First results for WF-2 are beginning to come in. Ray Waldin set the bar using Scala, taking Tim's thousands of minutes down to tens. By now the leaders are running in minutes - note that if the ZFS pool can pull data at 150Mbps, as the Bonnie run showed with a 100G test, then the fastest all the data can come off disk is a little under five minutes; we're seeing results close to that already.

I'll start posting timings from my runs once I get it up to the complete data set; I'm also looking at how the use efficiency changes by number of workers across the size of input file, since Tim has conveniently provided various sizes of live data.
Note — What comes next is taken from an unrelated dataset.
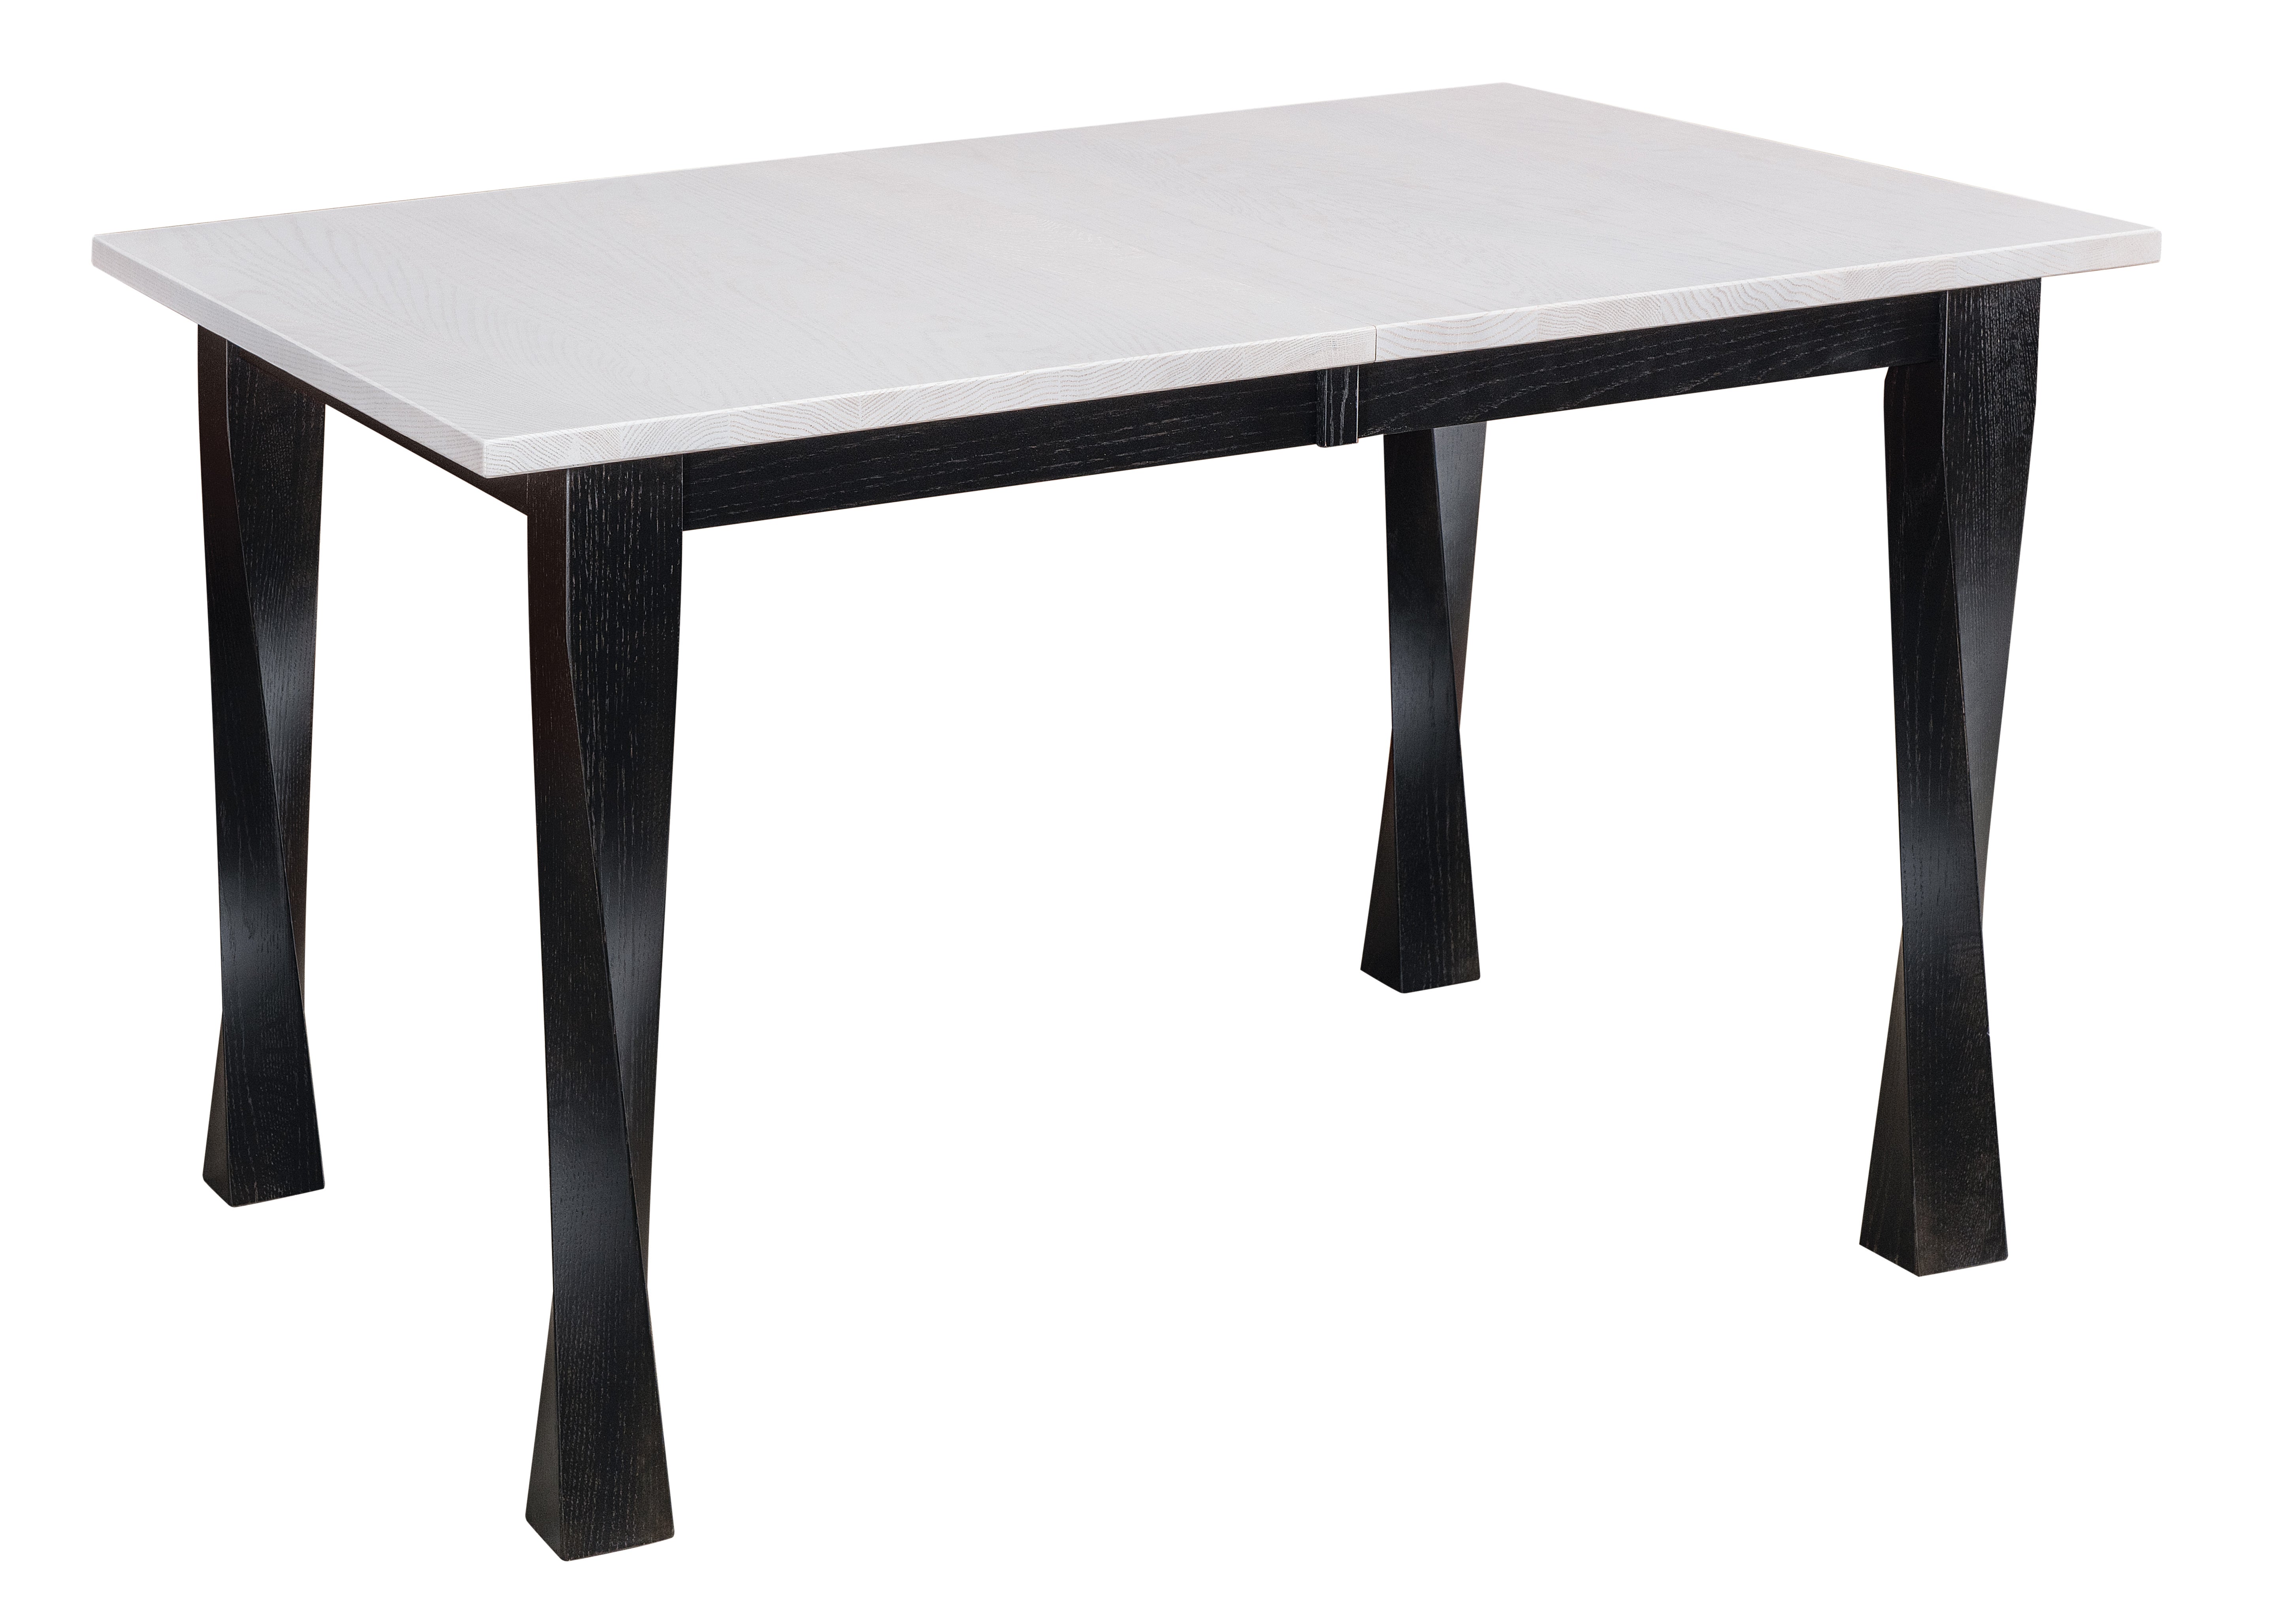 the lexington twist leg mini table shown in red oak with a muted white 10 sheen top and a muted black 10 sheen base

So this might take a few days; and there's a chance my times will be embarrassingly bad, meaning I might just not publish :-)

A final point

There's a great book called Patterns For Parallel Programming, by Mattson, Sanders and Massingill (if you're not in Europe you may prefer to get it from Amazon.com). It has a lot more detail and useful thoughts on parallelism than I could ever come up with: although I have some experience with scaling and data processing, these guys do it all the time.

Widefinder: Pretty Graphs

Published at
Monday 9th June, 2008
Tagged as
  • Scaling
  • Widefinder
  • Parallelism

This is about Wide Finder 2; I'm trying to apply the technique I discussed earlier, where we aim for minimal changes in logic compared to the benchmark, and put as much of the parallelism into a library. I'm not the only person working in this fashion; I think Eric Wong's approach is to allow different data processors to use the same system (and it allows multiple different languages, pulling it all together using GNU make), and I'm sure there are others.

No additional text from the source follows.